Source : Latest JDK 8 Release Notes

*Here are some new changes to the language :*

- Lambda Expressions, a new language feature, has been introduced in this release. They enable you to treat functionality as a method argument, or code as data. Lambda expressions let you express instances of single-method interfaces (referred to as functional interfaces) more compactly.

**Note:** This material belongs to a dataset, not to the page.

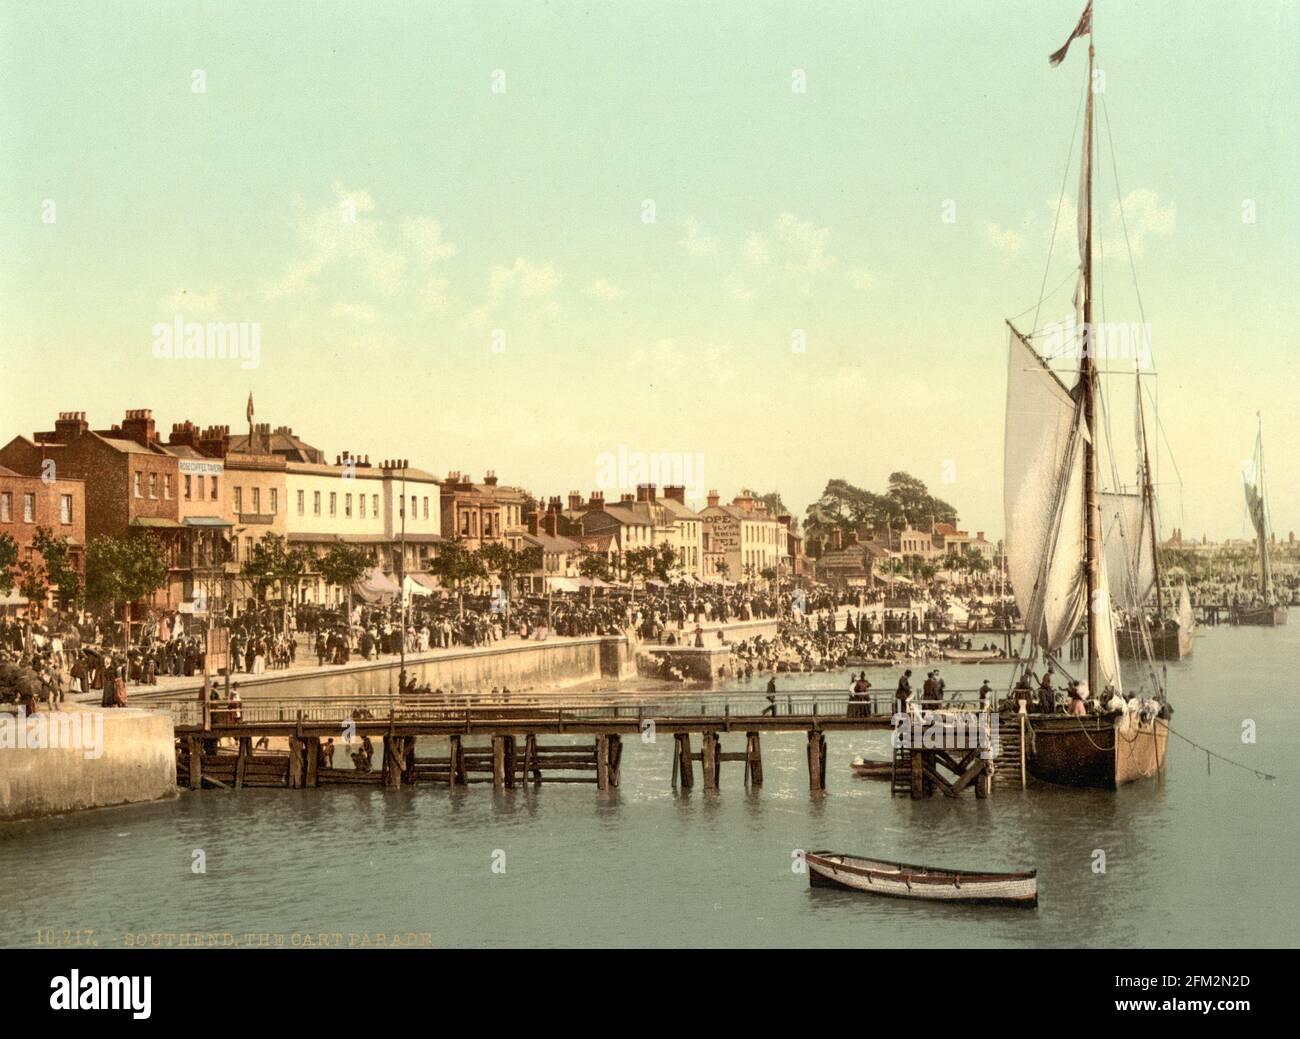 Défilé maritime Southend-on-Sea, Essex vers 1890-1900 Banque D'Images

- Method references provide easy-to-read lambda expressions for methods that already have a name.

- Default methods enable new functionality to be added to the interfaces of libraries and ensure binary compatibility with code written for older versions of those interfaces.

- Repeating Annotations provide the ability to apply the same annotation type more than once to the same declaration or type use.

- Type Annotations provide the ability to apply an annotation anywhere a type is used, not just on a declaration. Used with a pluggable type system, this feature enables improved type checking of your code.

- Improved type inference.

- Method parameter reflection.

*Changes to Java tools :*

- The jjs command is provided to invoke the Nashorn engine.

- The java command launches JavaFX applications.

- The java man page has been reworked.

- The jdeps command-line tool is provided for analyzing class files.

- Java Management Extensions (JMX) provide remote access to diagnostic commands.

- The jarsigner tool has an option for requesting a signed time stamp from a Time Stamping Authority (TSA).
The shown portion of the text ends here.